> **Record excerpts**
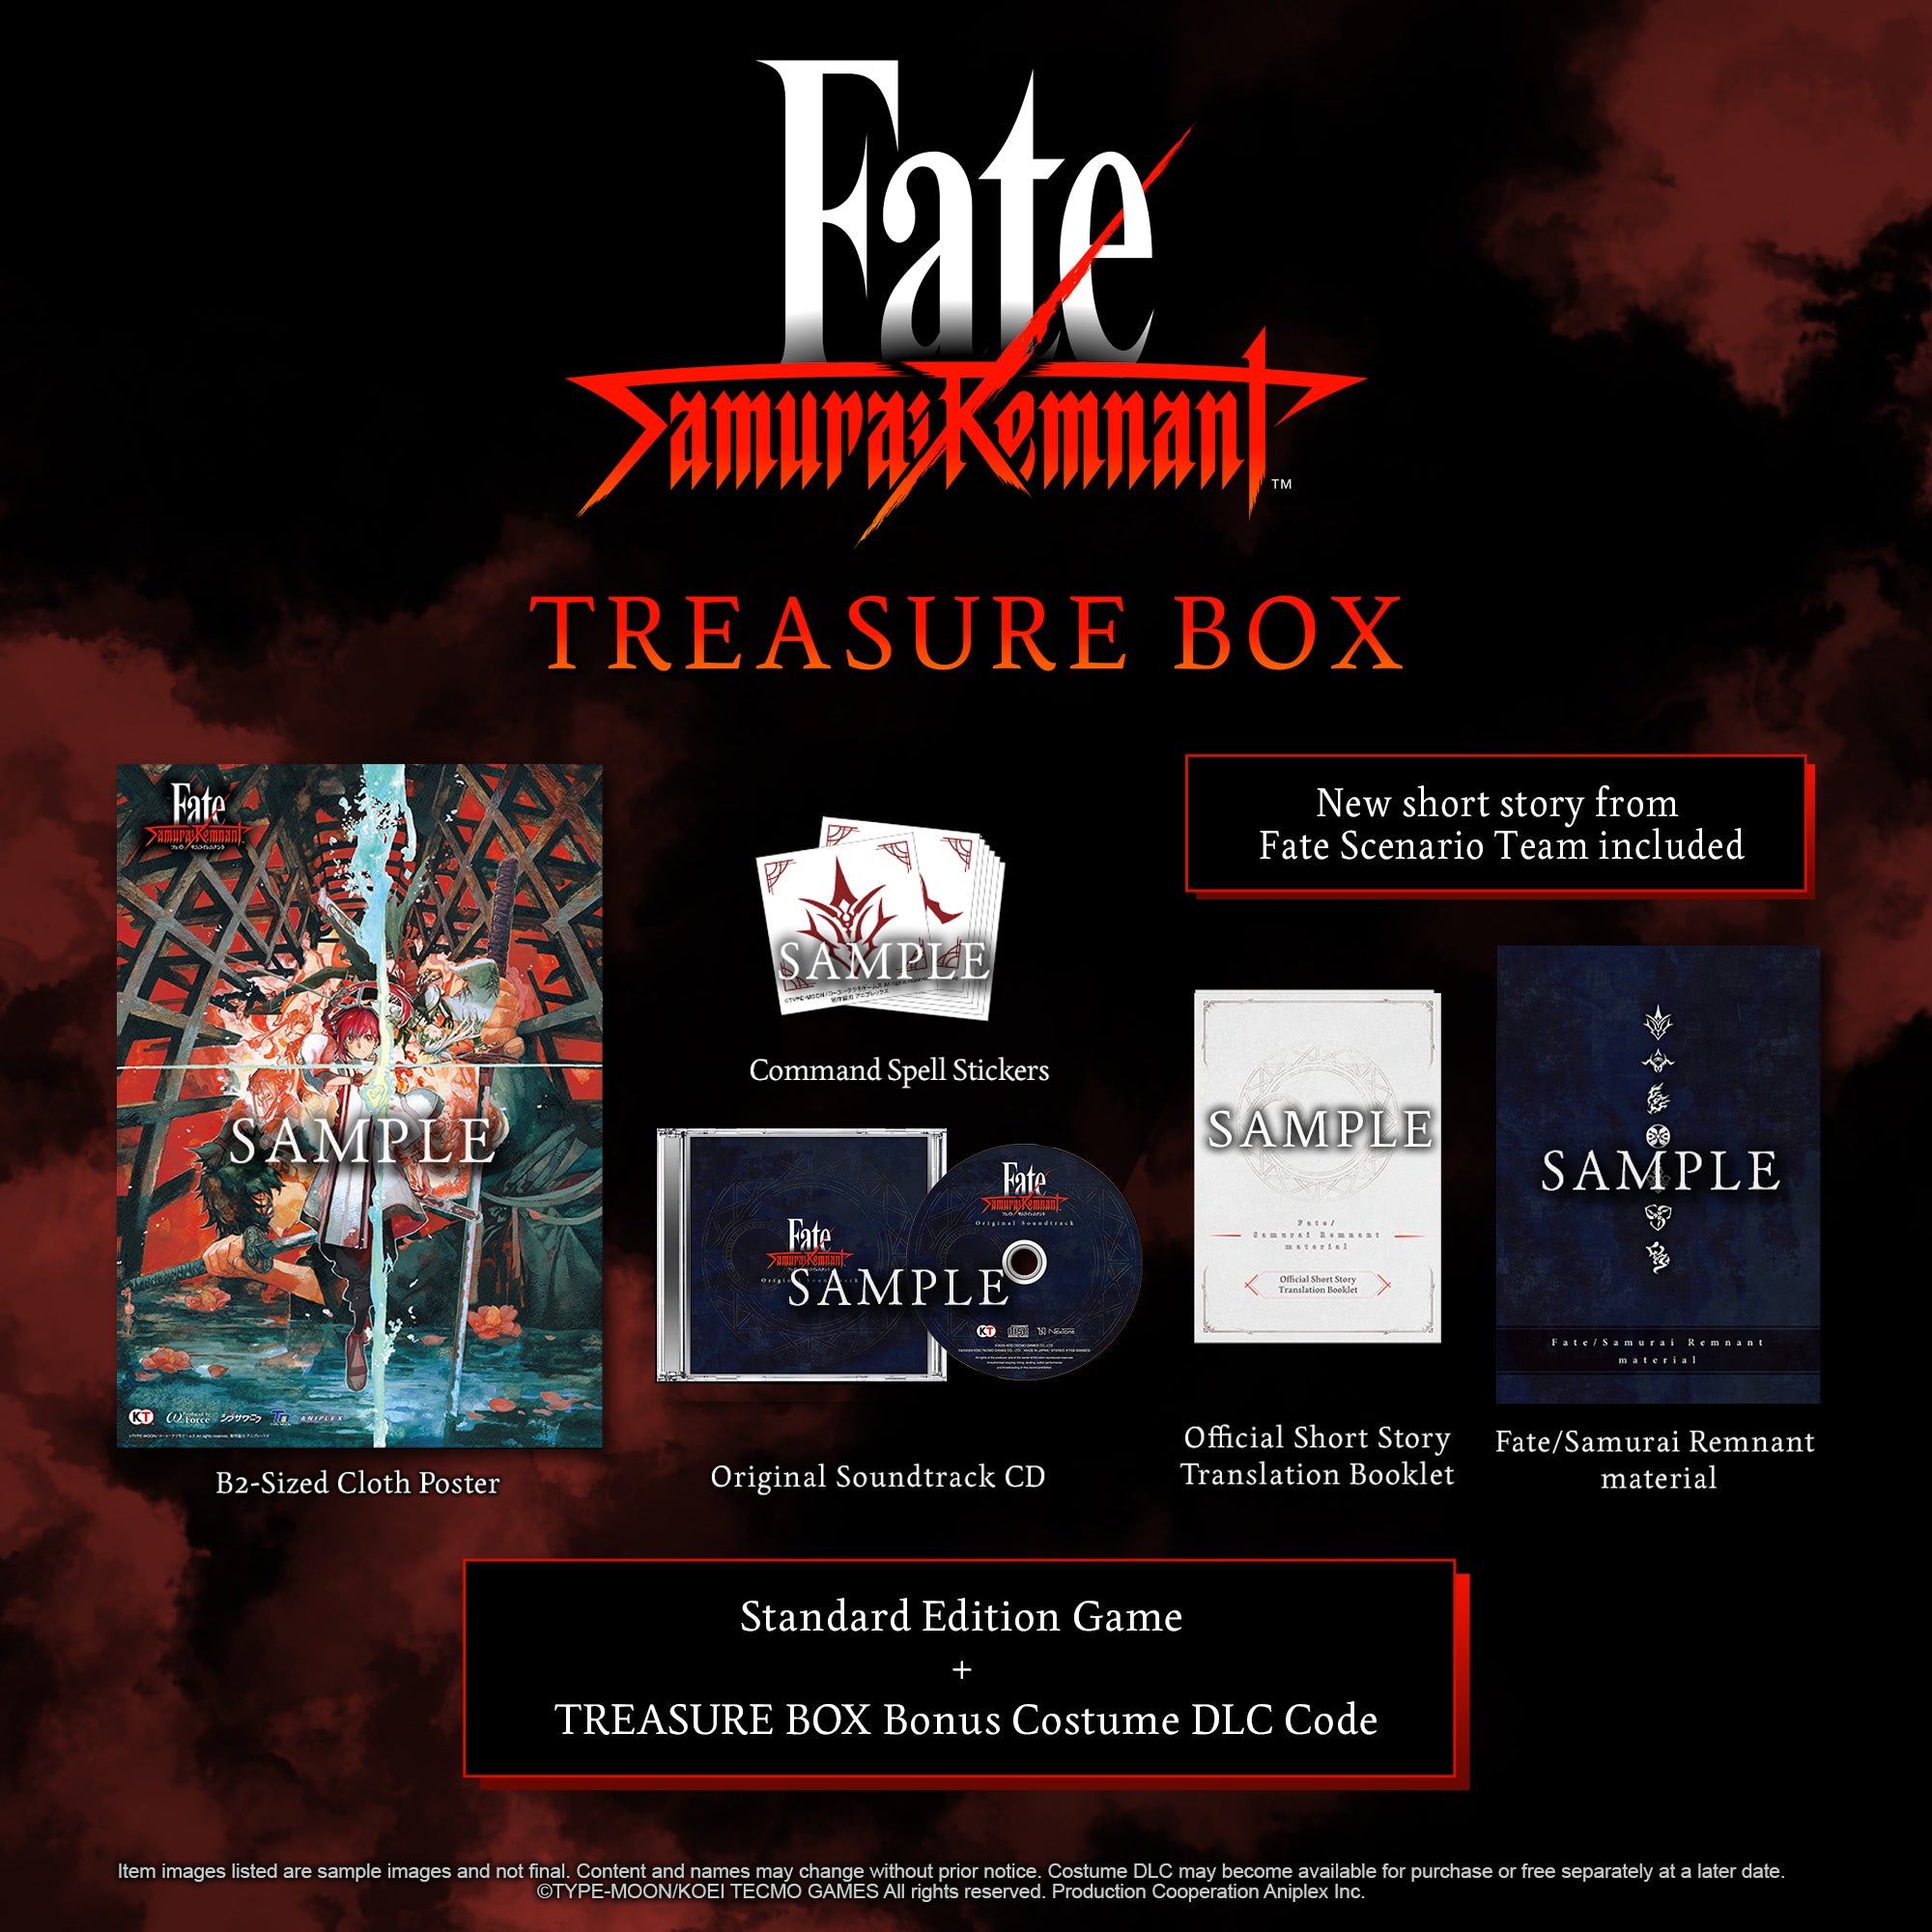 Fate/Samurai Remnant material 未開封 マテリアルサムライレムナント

---

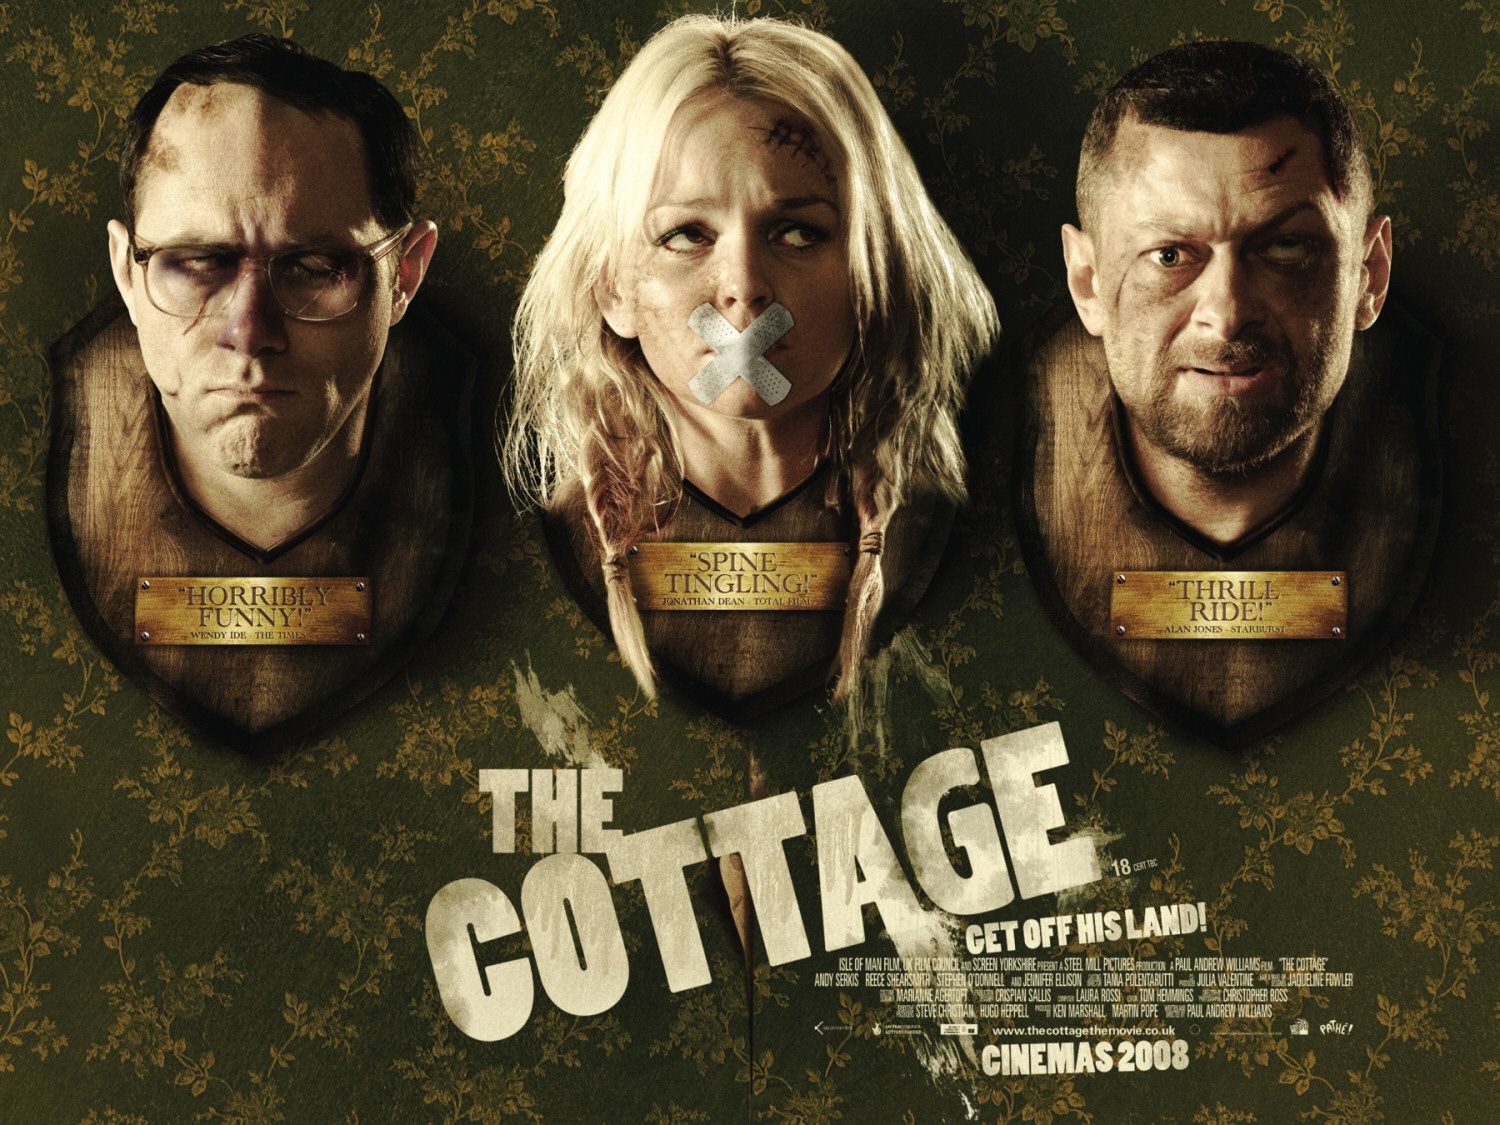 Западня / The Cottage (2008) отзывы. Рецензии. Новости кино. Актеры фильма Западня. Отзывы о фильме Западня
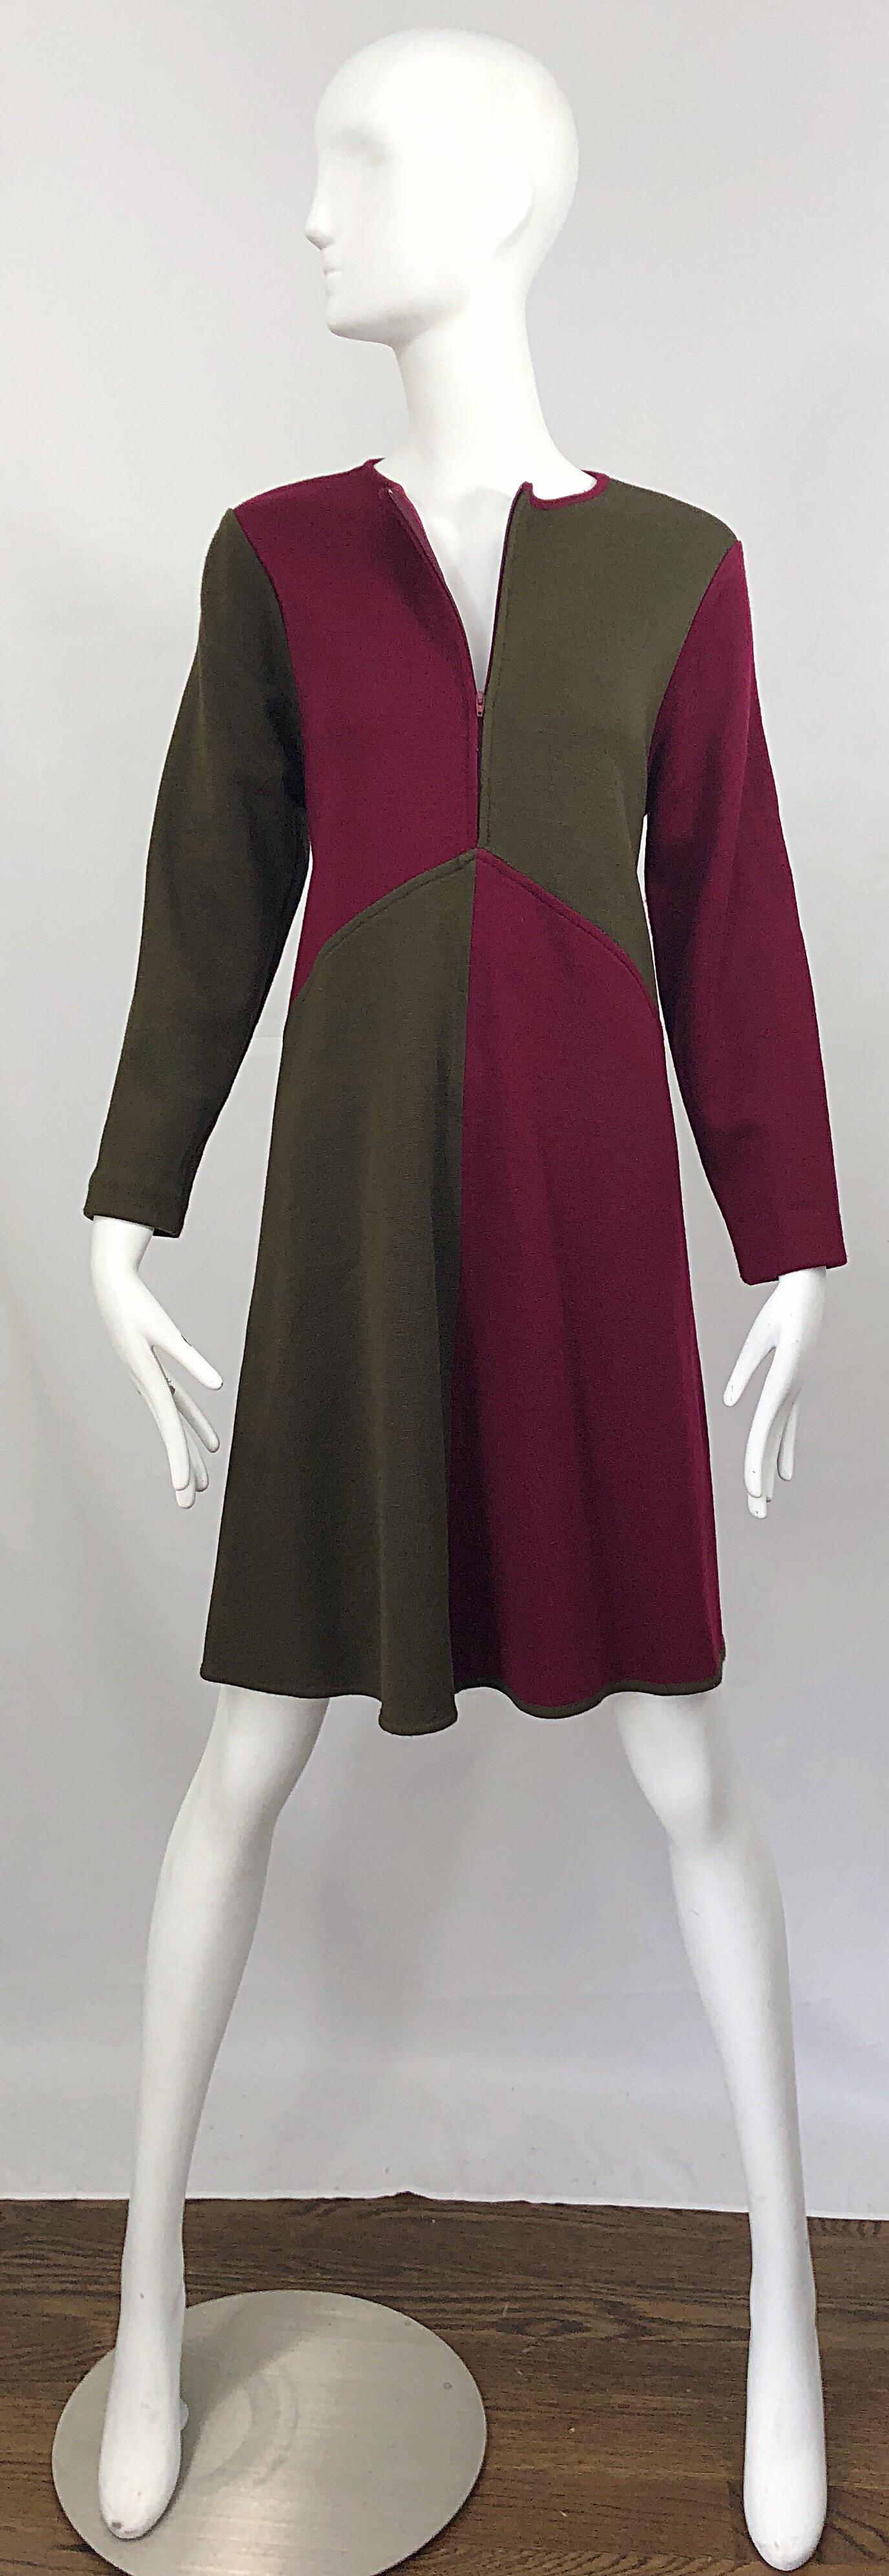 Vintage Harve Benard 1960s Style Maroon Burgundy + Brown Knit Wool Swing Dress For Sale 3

--

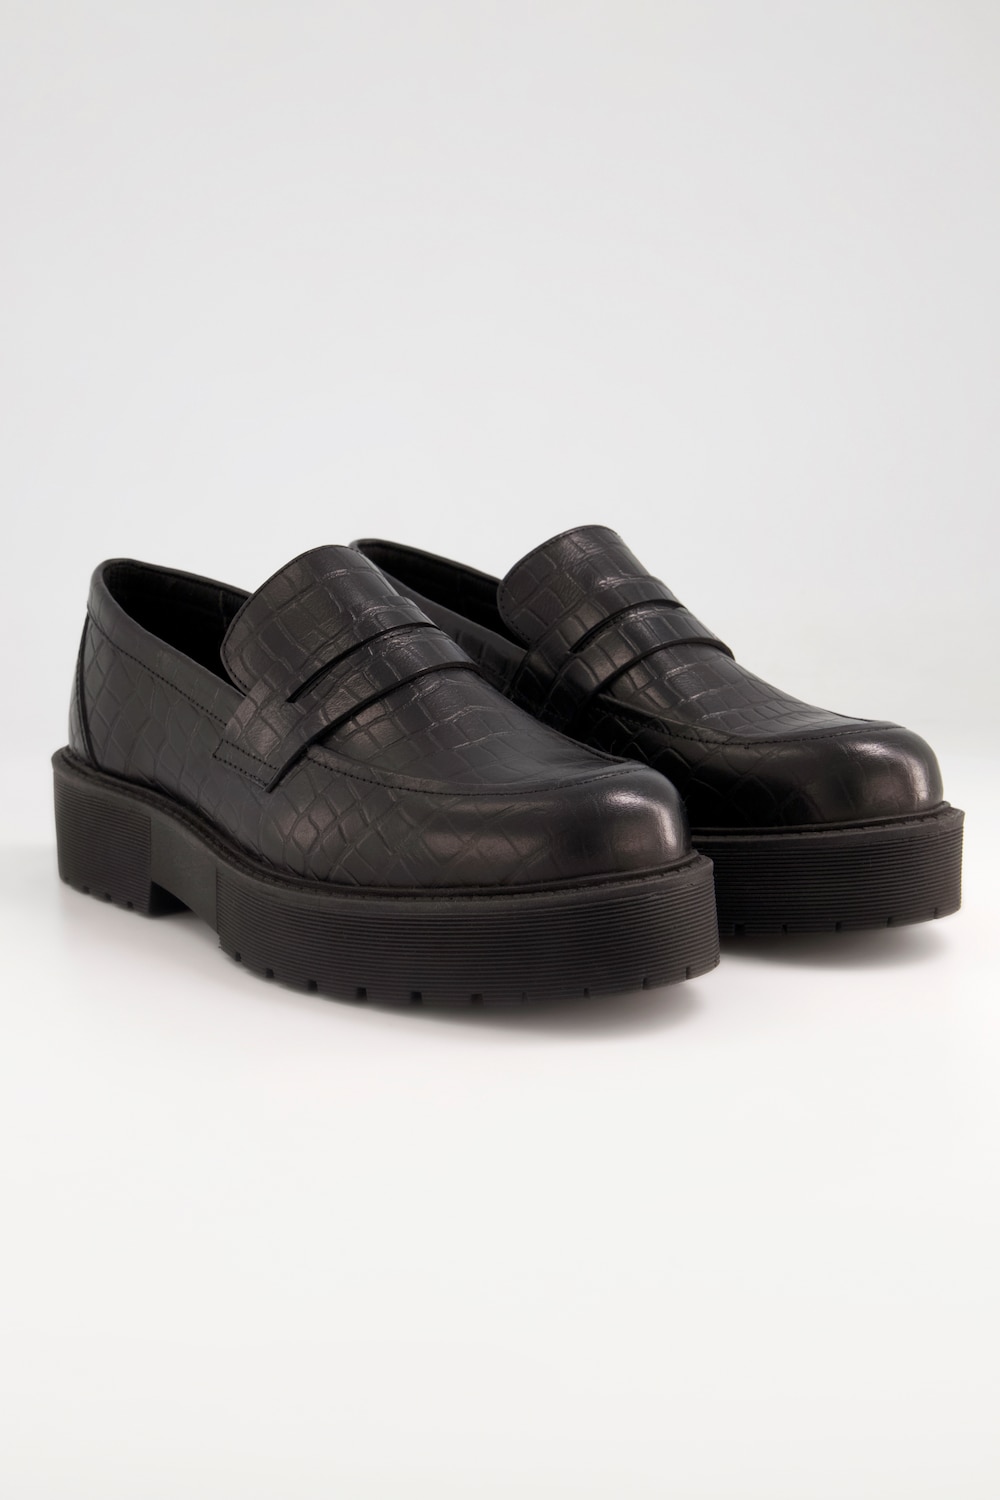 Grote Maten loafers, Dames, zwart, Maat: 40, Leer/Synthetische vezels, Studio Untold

> **Problem statement**
Each line above that falls between the line with "Западня / The" and the line with "Vintage Harve Benard" should be printed exactly, together with those two lines, but the pictures should not.

> **Answer to this exercise**
 Западня / The Cottage (2008) отзывы. Рецензии. Новости кино. Актеры фильма Западня. Отзывы о фильме Западня
 Vintage Harve Benard 1960s Style Maroon Burgundy + Brown Knit Wool Swing Dress For Sale 3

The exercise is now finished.